* What to do:
Each line below from the "Diagram Showing Human" line through the "Maybelline New York" line, those two included, must be restated word for word; the pictures must not be.

* Extracted entries:
--- START ---
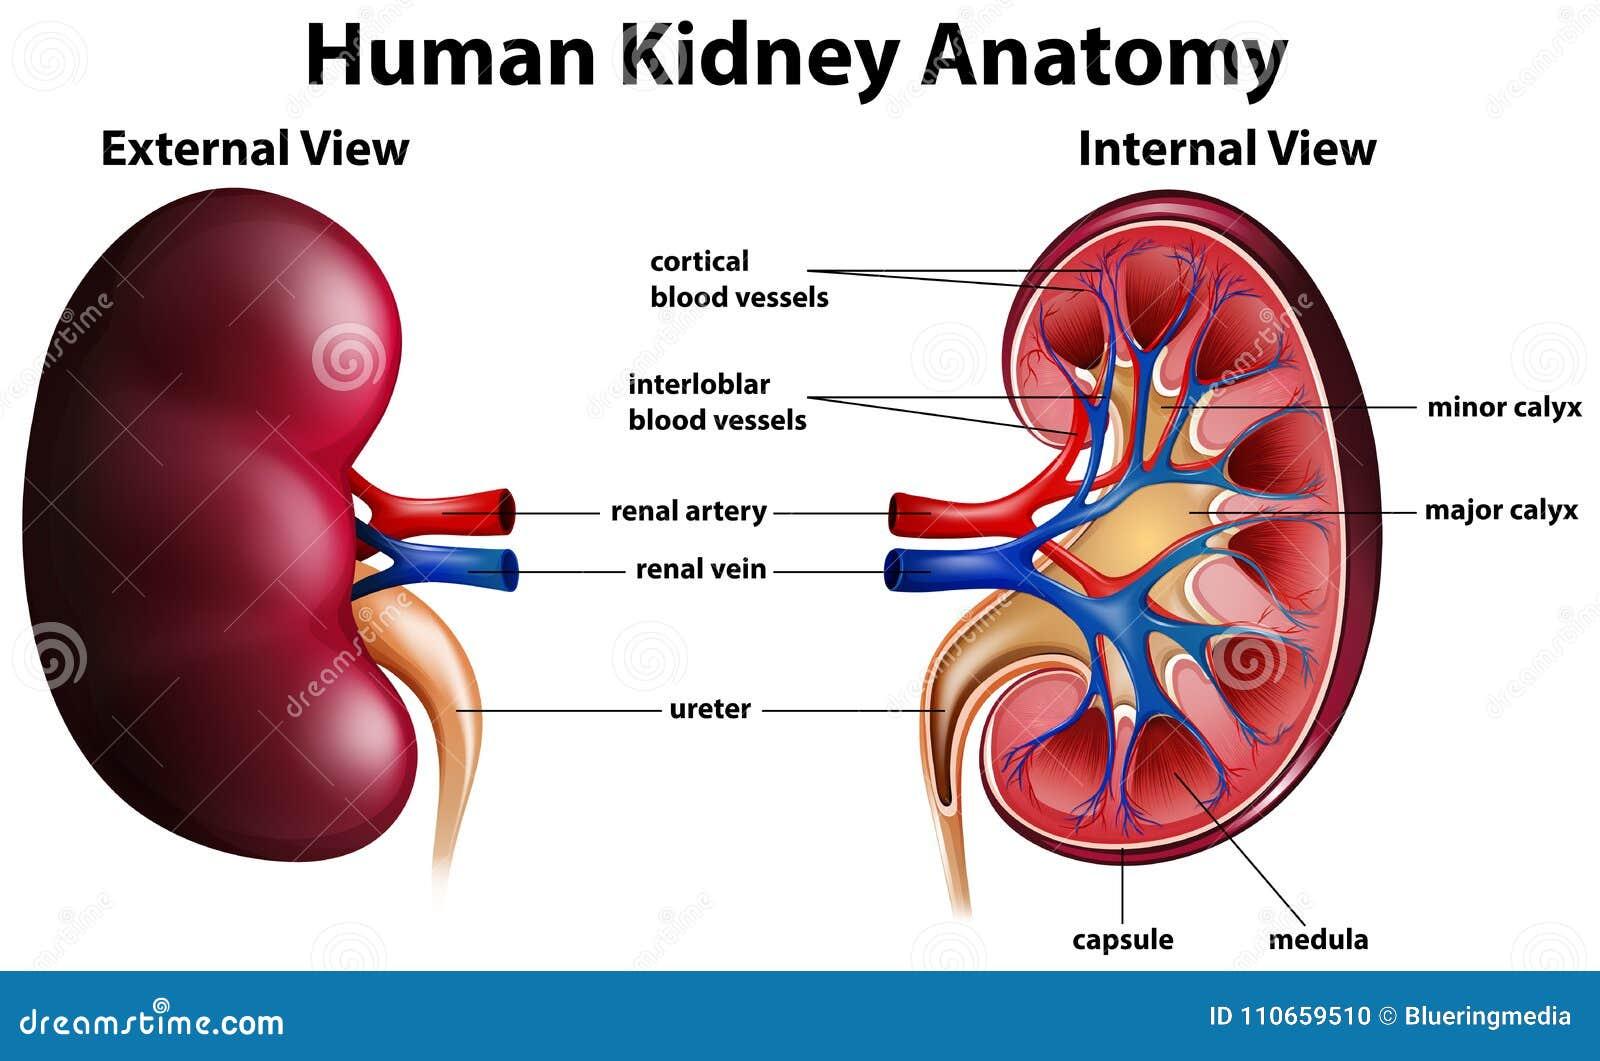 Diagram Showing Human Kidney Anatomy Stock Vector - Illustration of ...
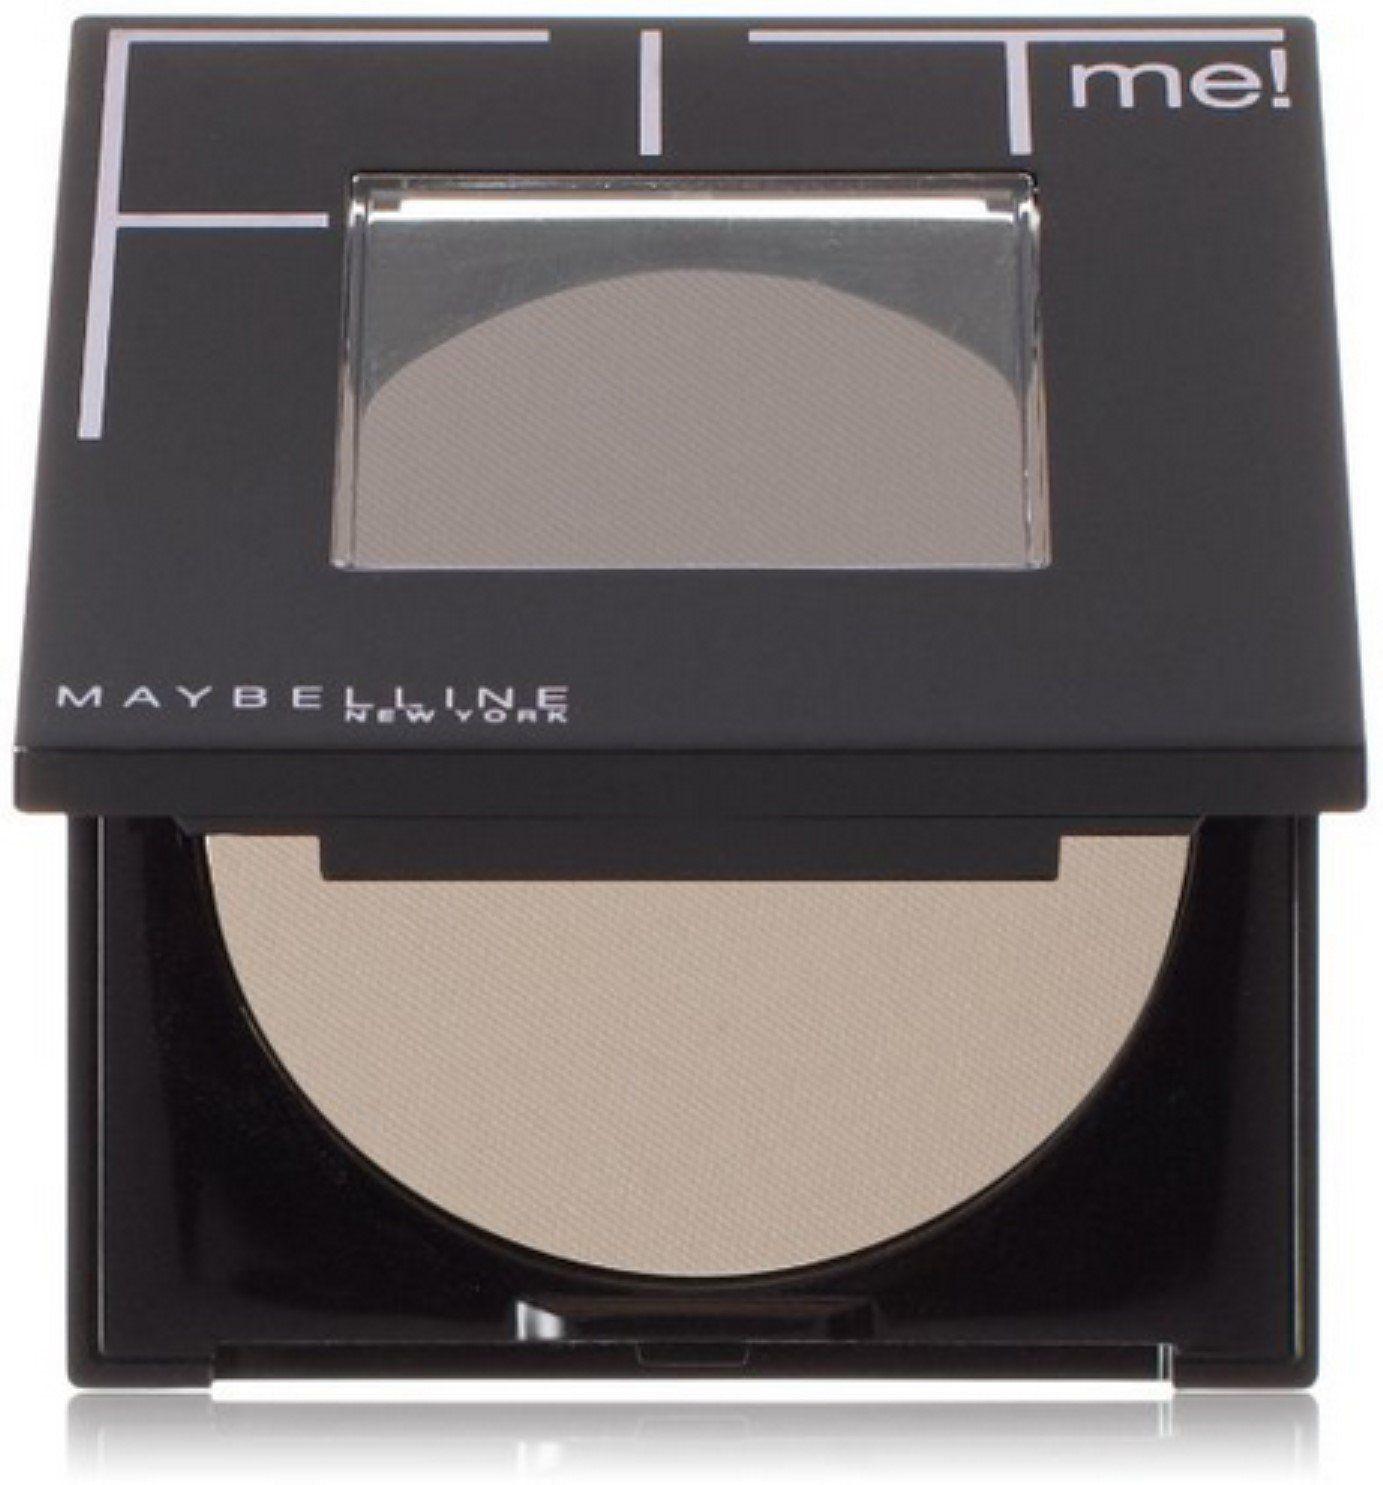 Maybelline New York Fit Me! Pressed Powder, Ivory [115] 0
--- END ---
--- START ---
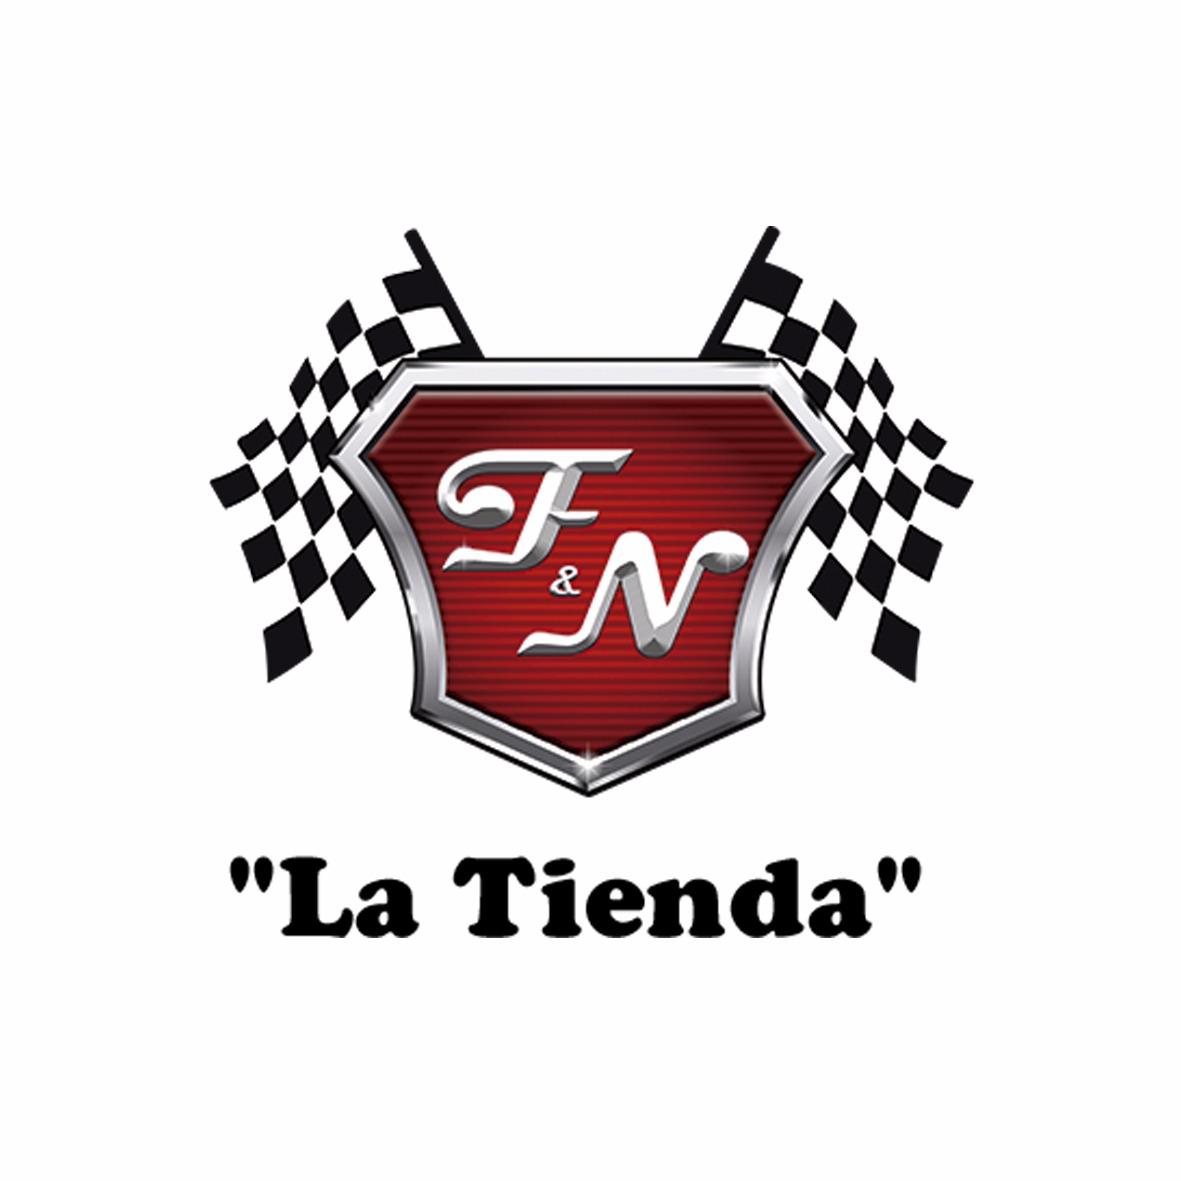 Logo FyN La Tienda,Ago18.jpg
--- END ---
--- START ---
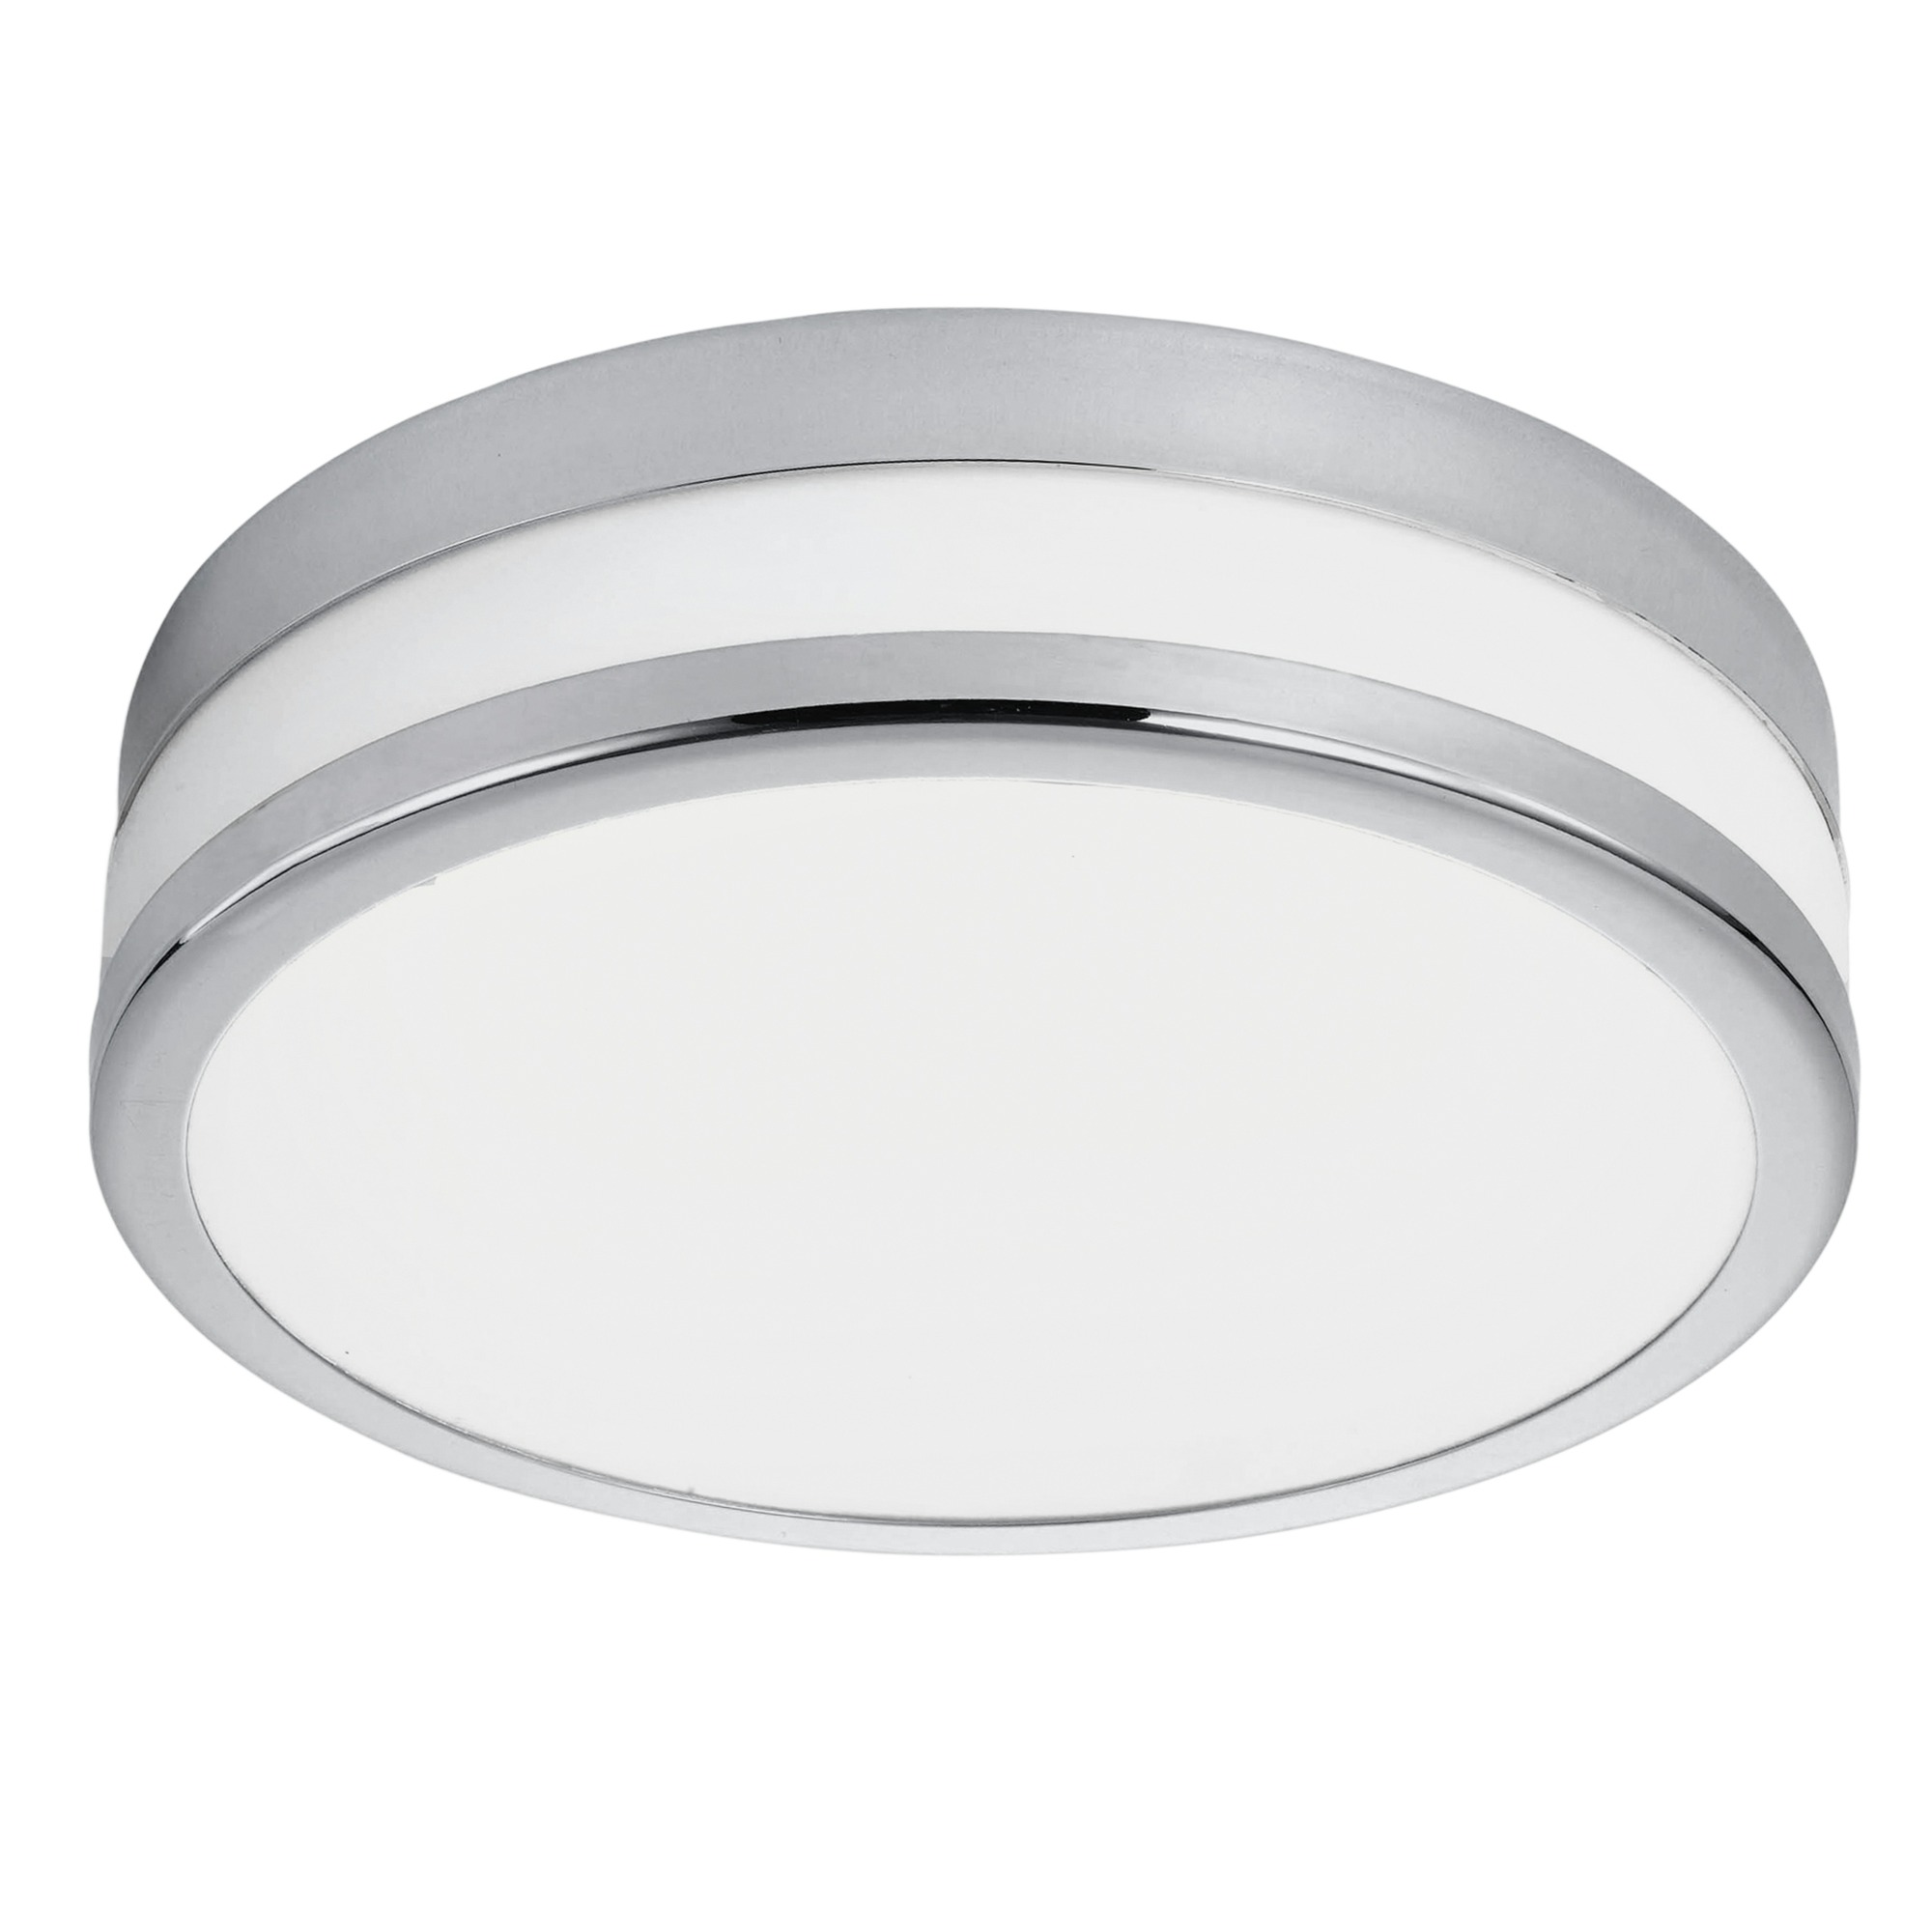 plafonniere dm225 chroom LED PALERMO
--- END ---
* The completed task:
 Diagram Showing Human Kidney Anatomy Stock Vector - Illustration of ...
 Maybelline New York Fit Me! Pressed Powder, Ivory [115] 0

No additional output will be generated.